First of all, we need to understand what is the in-order traversal of a binary tree: traverse the tree in the way of visiting the left subtree-the root node-the right subtree, and we follow the same way when visiting the left subtree or the right subtree Traverse until the complete tree is traversed. Therefore, the entire traversal process is naturally recursive, and we can directly simulate this process with a recursive function.

class Solution {
    public List<Integer> middleTraversal(TreeNode root) {
        List<Integer> res = new ArrayList<Integer>();
        minorder(root, res);
        return res;
    }
//如果节点不为空，遍历左子树，直到叶子结点，加入结果集，再遍历该节点的右子树
    public void minorder(TreeNode root, List<Integer> res) {
        if (root == null) {
            return;
        }
        minorder(root.left, res);
        res.add(root.val);
        minorder(root.right, res);
    }
}

2.Non-recursive (using the stack to simulate recursion): ideas and algorithms

Until we are in the sequence are arranged in order: 左节点，根节点，右节点. Then we cannot release the front node after passing the root node, because it will be used later.

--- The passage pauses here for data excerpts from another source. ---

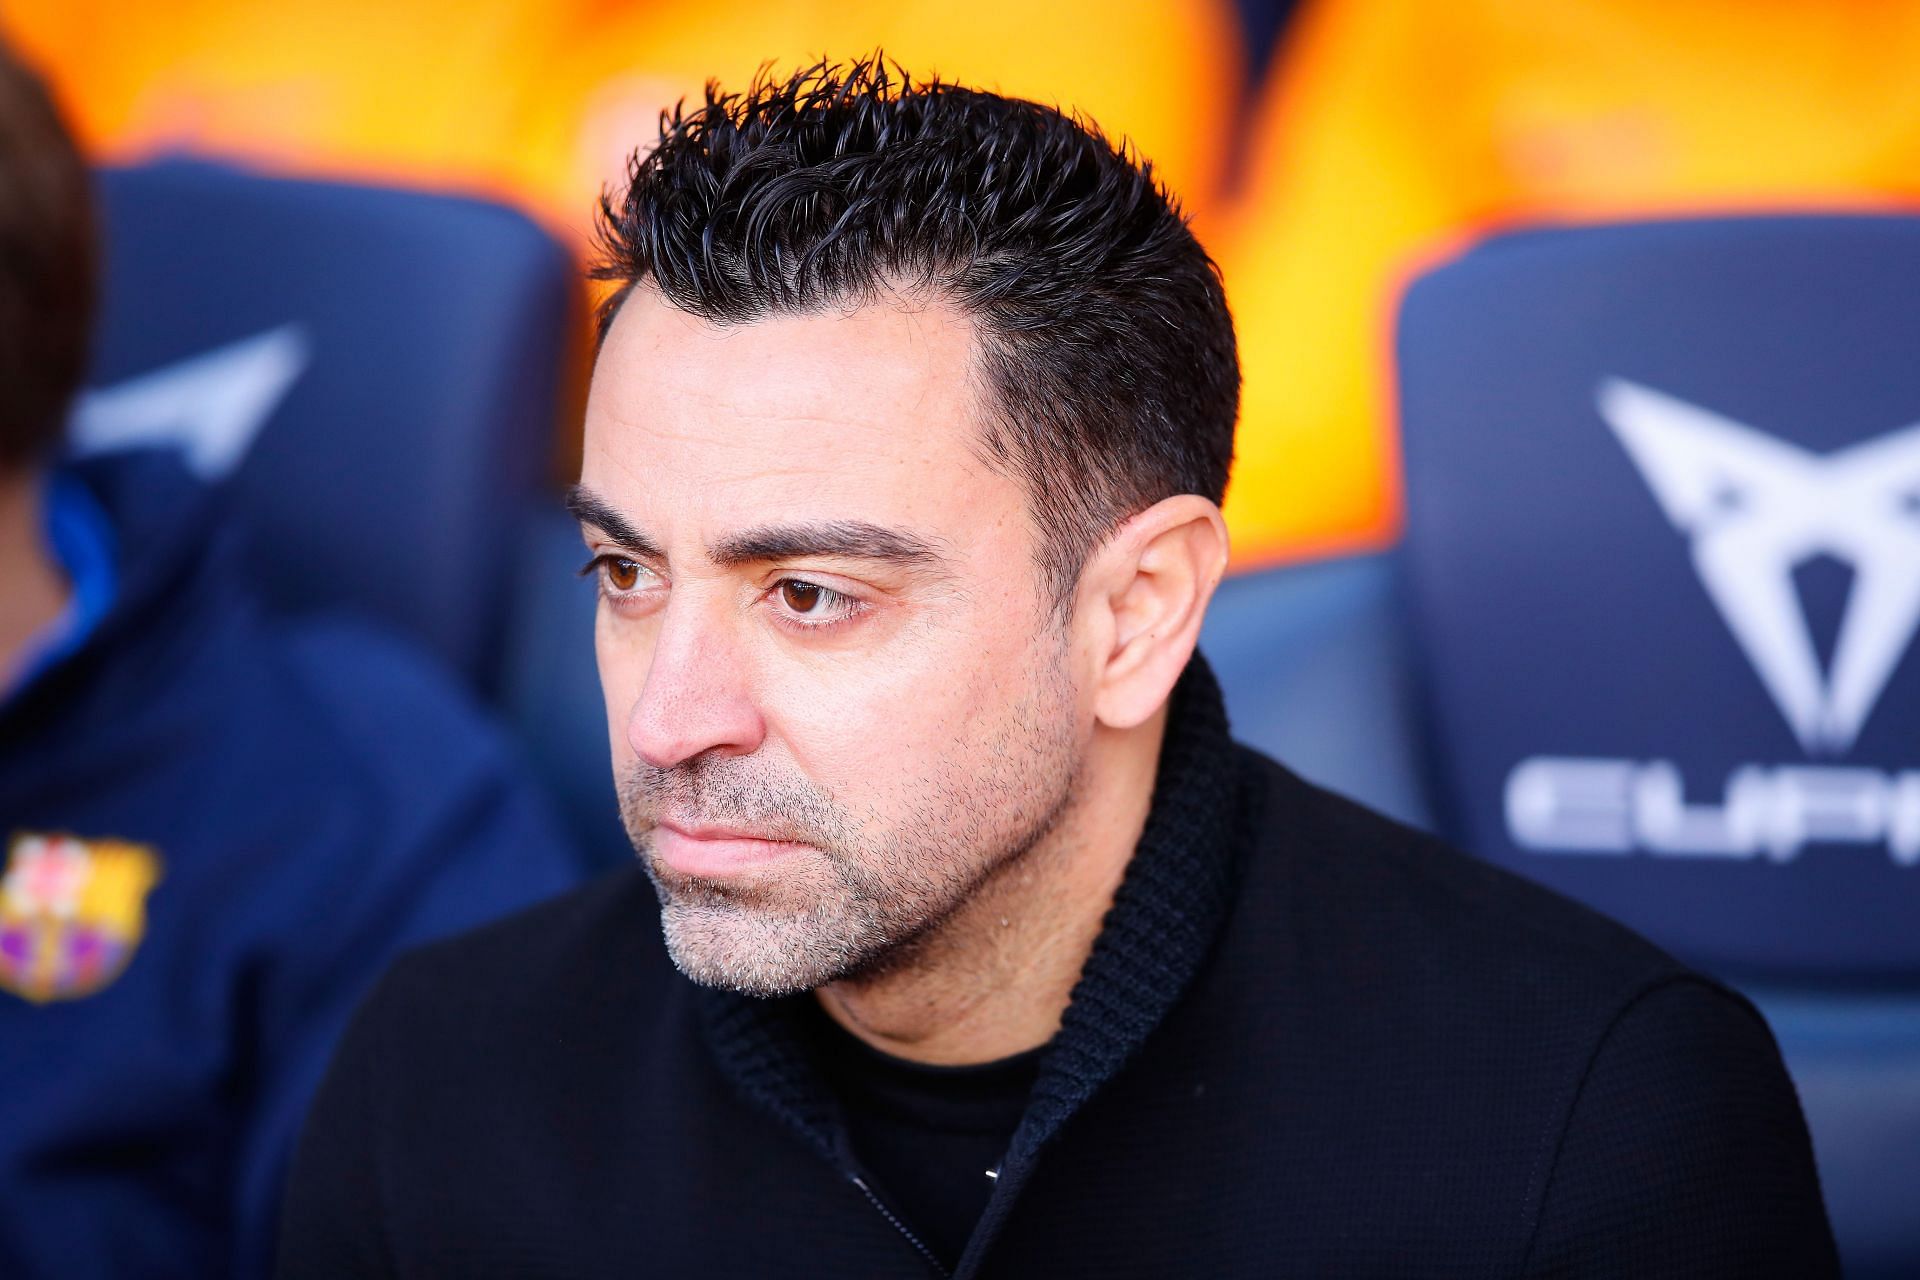 Barcelona manager Xavi Hernandez is determined to drive his team back to glory.
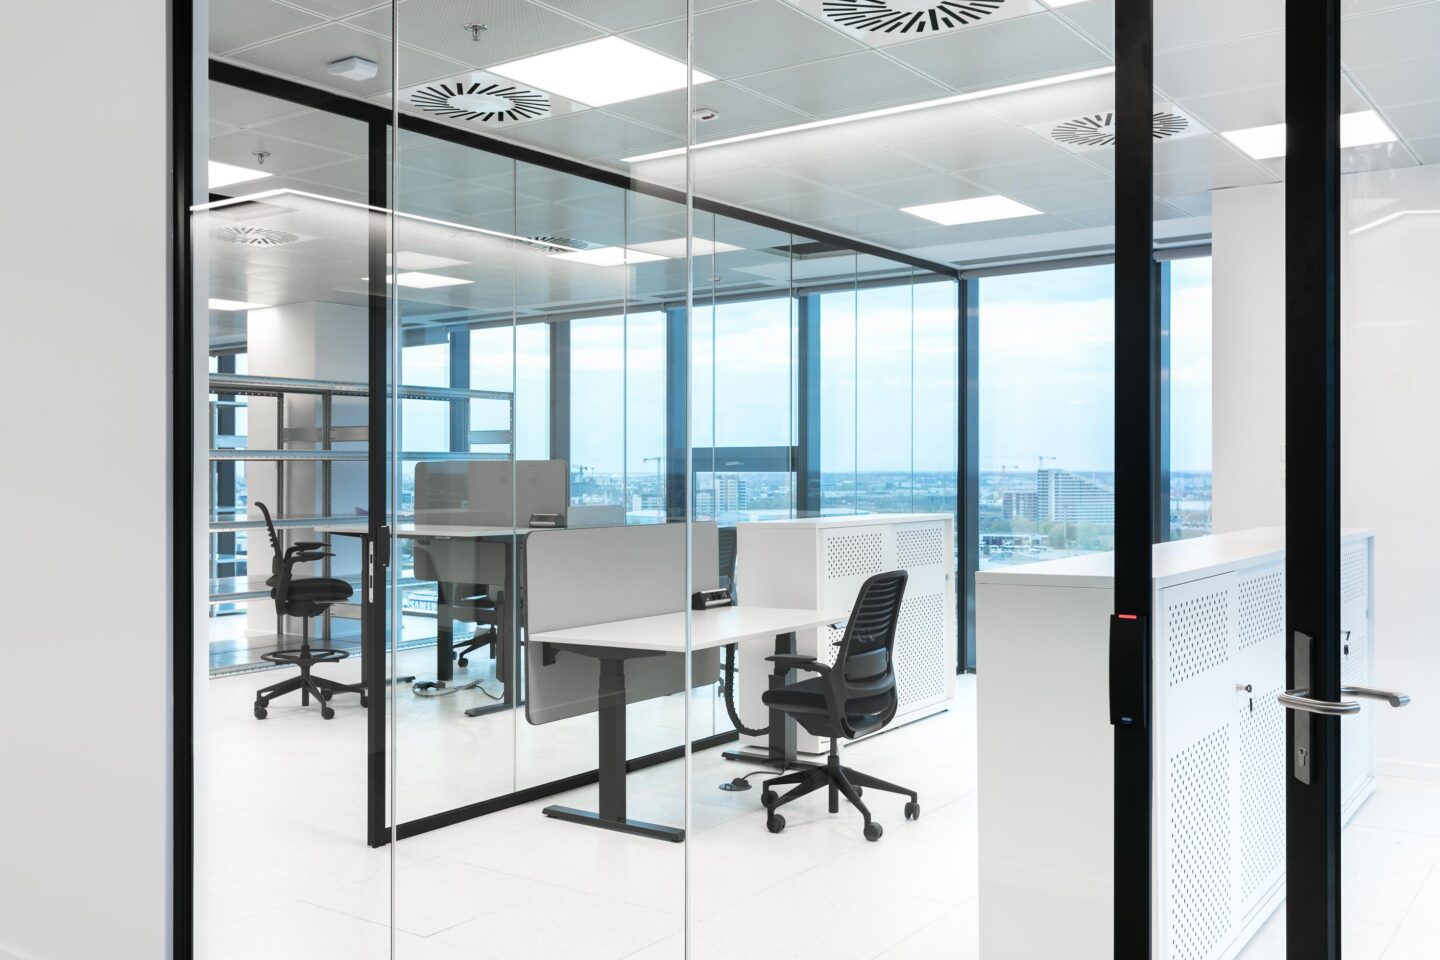 feco-feederle│partition wall systems│IT Services Company, Bucharest
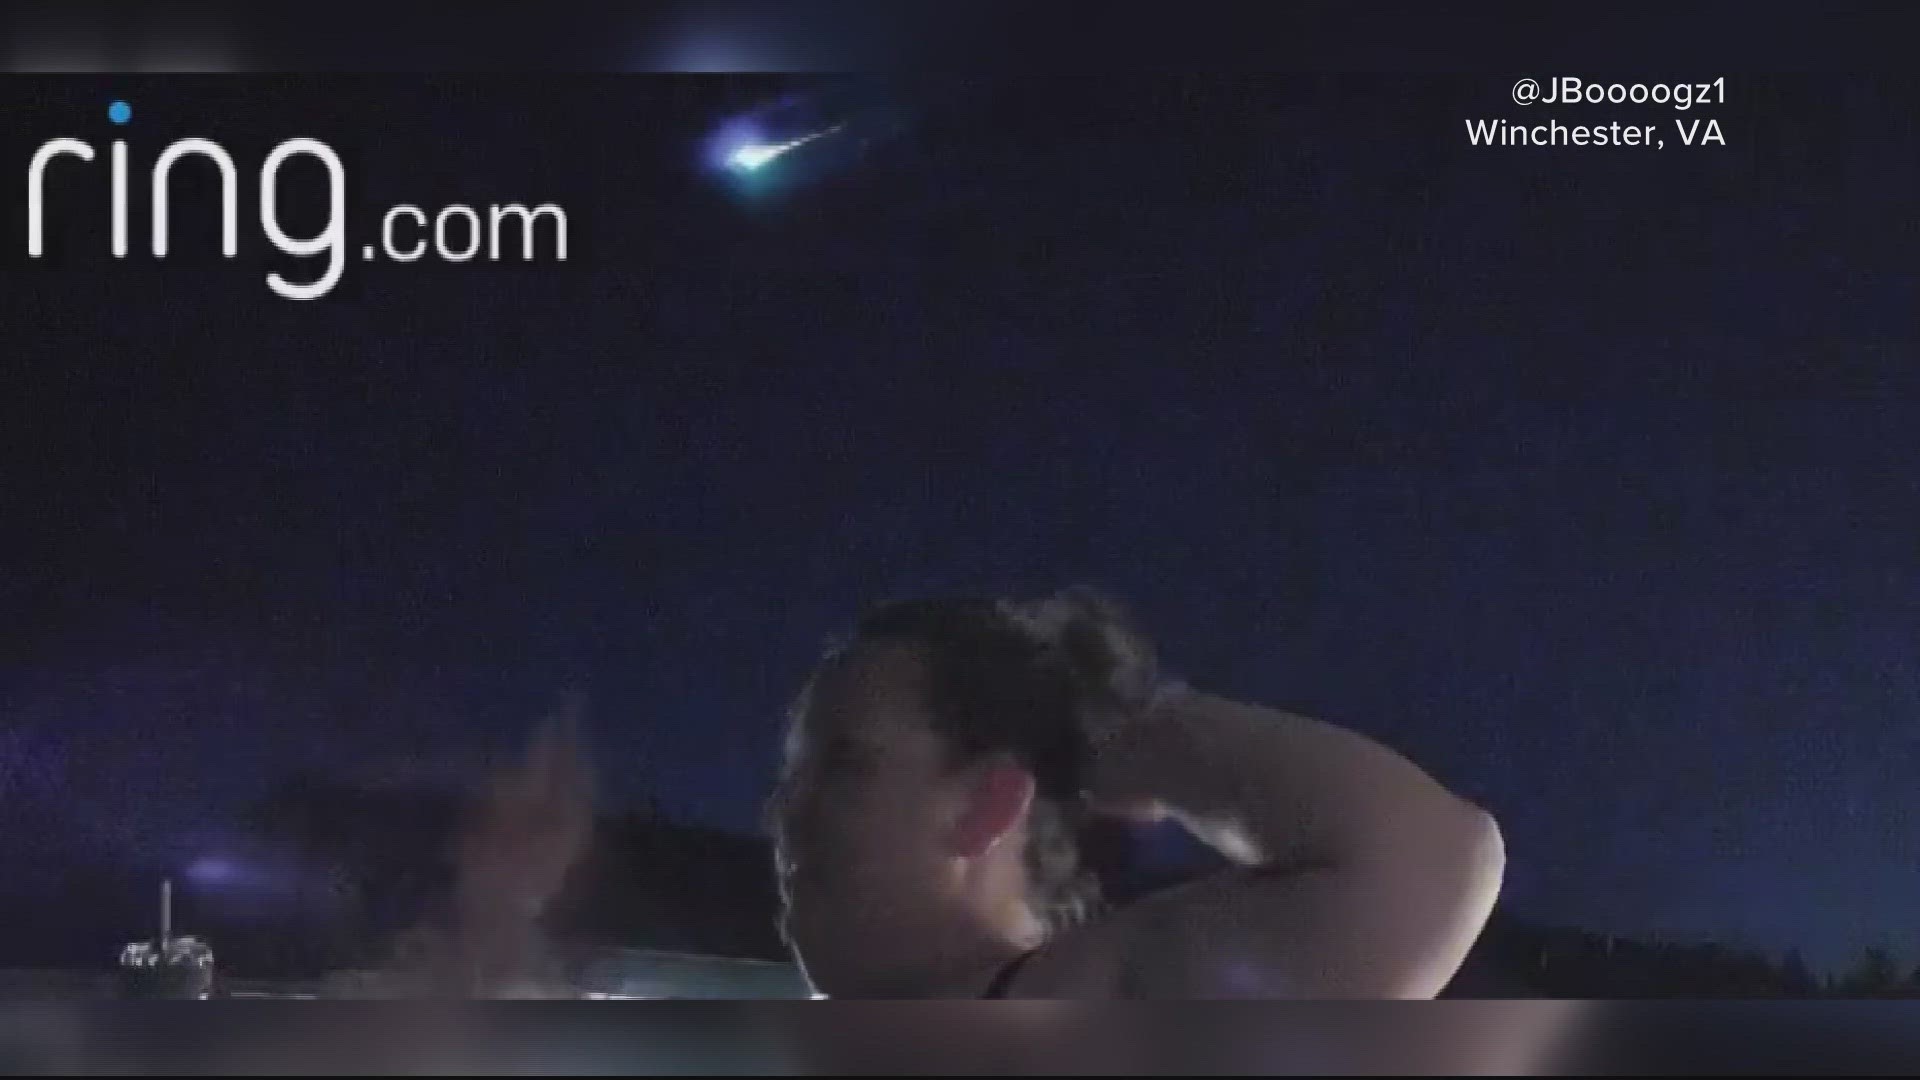 Many people in the DC region saw what appears to be a bright meteor streaking across the sky Sunday night.
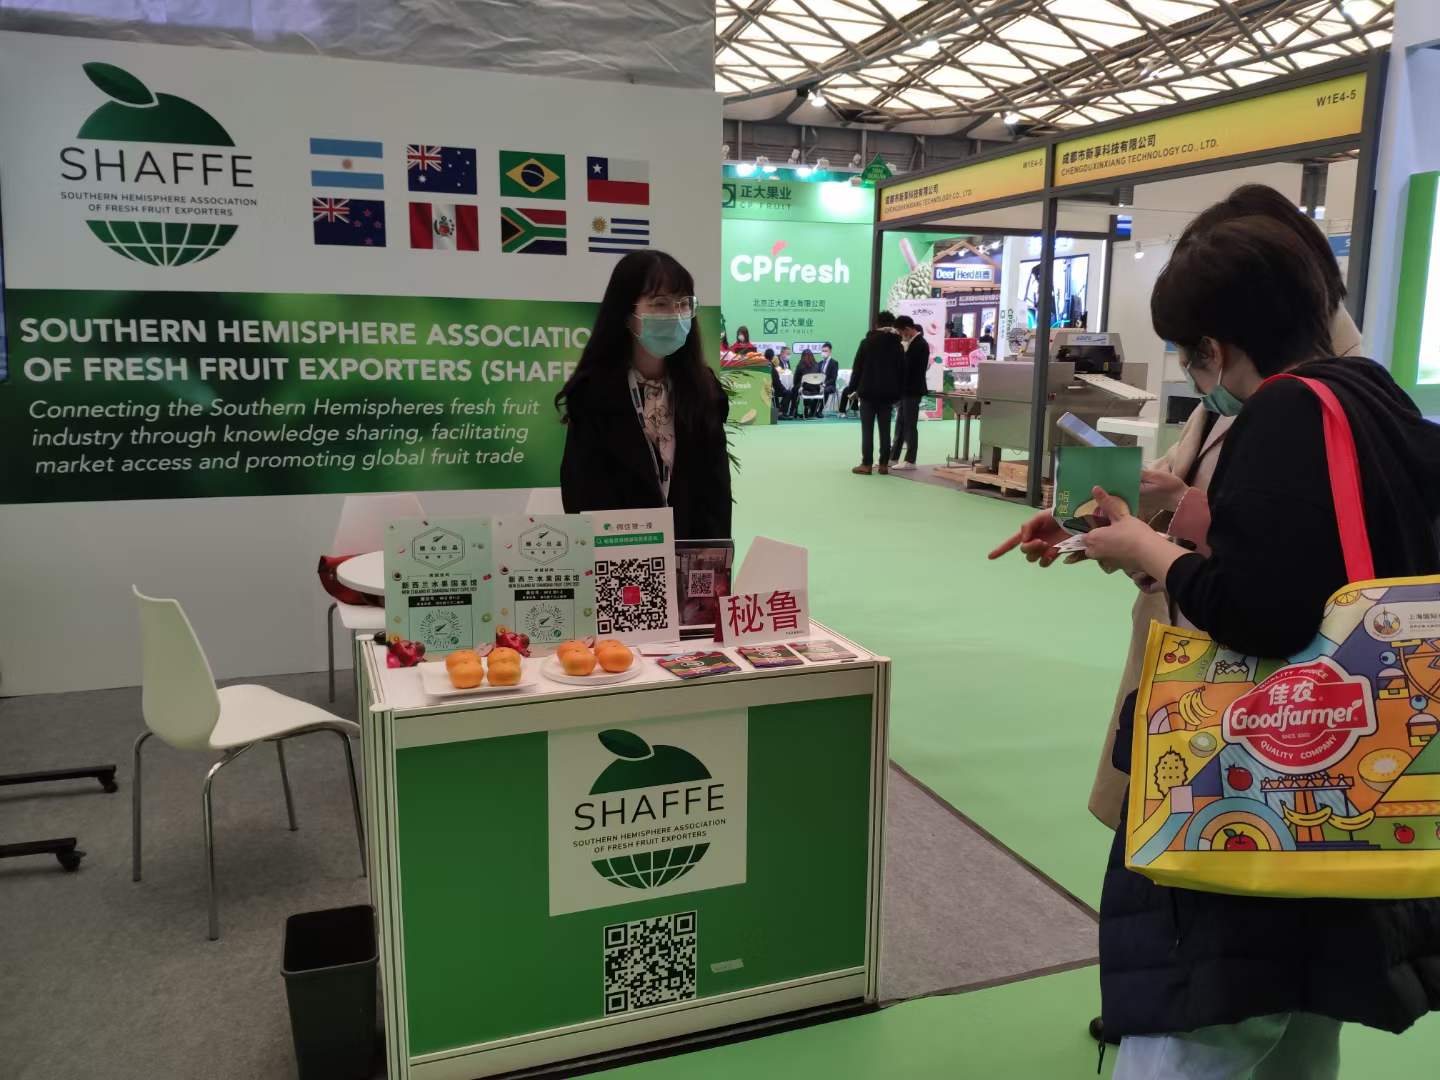 SHAFFE attends Shanghai International Fruit Expo to consolidate ties of friendship, and positioning of Southern Hemisphere Fruit Exporters

So be 用栈先储存.
Its rules are roughly as follows:

• Stack 依次存入左节点所有点until the leftmost is at the top of the stack.
• Start 抛出栈顶并访问.

Feasibility analysis: the middle order is 左—中—右the order. After visiting the left. When the current point is thrown, it means that the left side has been visited (or it is the left side), then the right side of the current point needs to be visited first. Then this 右节点把它当成根节点重复相同操作(because the right node must meet the order of left and then right). This actually simulates a recursive process, and you need to think about it yourself.

  //中序遍历，左-根-右
    //利用栈来存储节点，当当前节点不为空的时候，将当前节点压入栈中，然后找到最左边的叶子，否则root=当前节点，寻找右子树的最左节点，循环下去，知道栈为空，root也为空    
public List<Integer> inorderTraversal(TreeNode root) {
        List<Integer> res=new ArrayList<>();
        Stack<TreeNode> stack=new Stack<>();
        while(!stack.isEmpty()||root!=null){
            if(root!=null){
                stack.push(root);
                root=root.left;
            }else{
                root=stack.pop();
                res.add(root.val);
                root=root.right;
            }       
        }
        return res;
    }

3. Non-recursive constant space (Morris): ideas and algorithms

This is what I encountered when looking at the solution of the problem when I was trying to brush the problem. This algorithm uses the rightmost leaf node of the left subtree of the root node to point to the root node, that is, to find the precursor of the root.

Morris traversal algorithm is another method of traversing binary trees, which can reduce the space complexity of non-recursive in-order traversal to O(1)O(1).

The overall steps of Morris traversal algorithm are as follows (assuming that the current traversed node is xx):

If xx has no left child, first add the value of xx to the answer array, and then visit the right child of xx.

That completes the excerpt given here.